Call it history rewritten in the latest Australian Financial Review (née BRW) Rich List (the last from John Stensholt before he shuffles off to The Australian to do something similar). In an entry on the three founders of Flight Centre, a major development from 11 years ago was omitted completely, one so important that it has enabled the three Flight Centre founders to become centimillionaires and members of the Rich List.

“The original three founders of Flight Centre — Graham Skroo Turner, Bill James and Geoff Harris – still hold 40% of the public company’s stock, occupying spots 84, 85 and 86 on this year’s Financial Review Rich List,” the entry begins.

Harris states that, “There’s basically an agreement between the three of us that we don’t want to sell down because we believe strongly in the vision and the future.” That wasn’t the case back in early 2007 when Flight Centre was at the end of a messy buyout bid from local private equity group, Pacific Equity Partners. The founders wanted to take the company private, financed by PEP, offering $17.20 a share, or $1.6 billion in all. Selling out was very much an option back then.

But the founders couldn’t vote their 57% of shares at a key shareholder meeting to approve the buyout, so remaining shareholders stakes were more than double their actual voting power. The key vote was held by fund management firm Lazard, with a 12% stake (the fourth largest in the company). After weeks of lobbying and meetings over the vote at the scheme of arrangement meeting to approve the buyout (it needed approval from 75% of shareholders eligible to vote) Lazard voted against the deal.

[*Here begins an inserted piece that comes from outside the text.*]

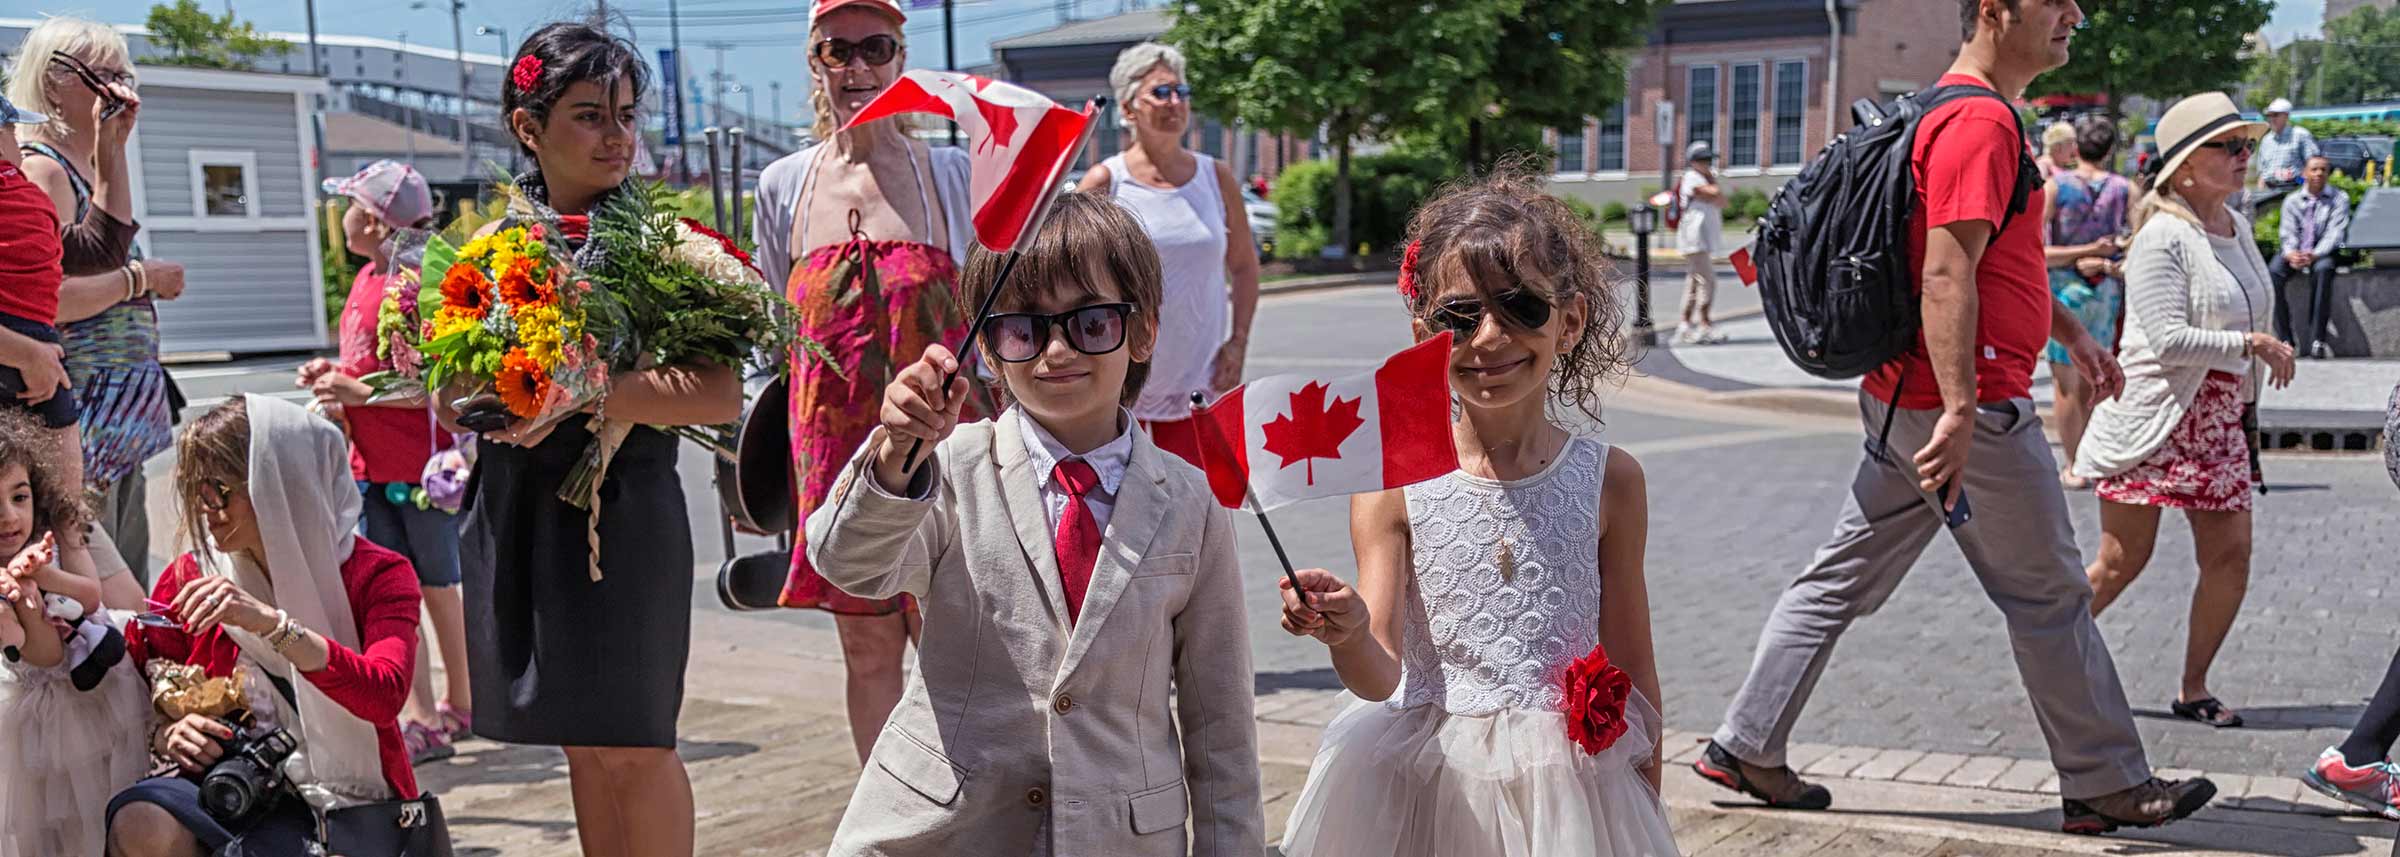 A boy and girl dressed in red and white for Canada Day celebrations

And that vote, while criticised at the time, was the making of Flight Centre, and Turner, James and Harris. The company is now valued at more than $6.4 billion (four times the original buyout value) and shares hit an all-time-record high of $63 last Tuesday. Lazard’s no vote ended up making Flight Centre and its founders mega rich. But you wouldn’t have known that from reading the AFR Rich List.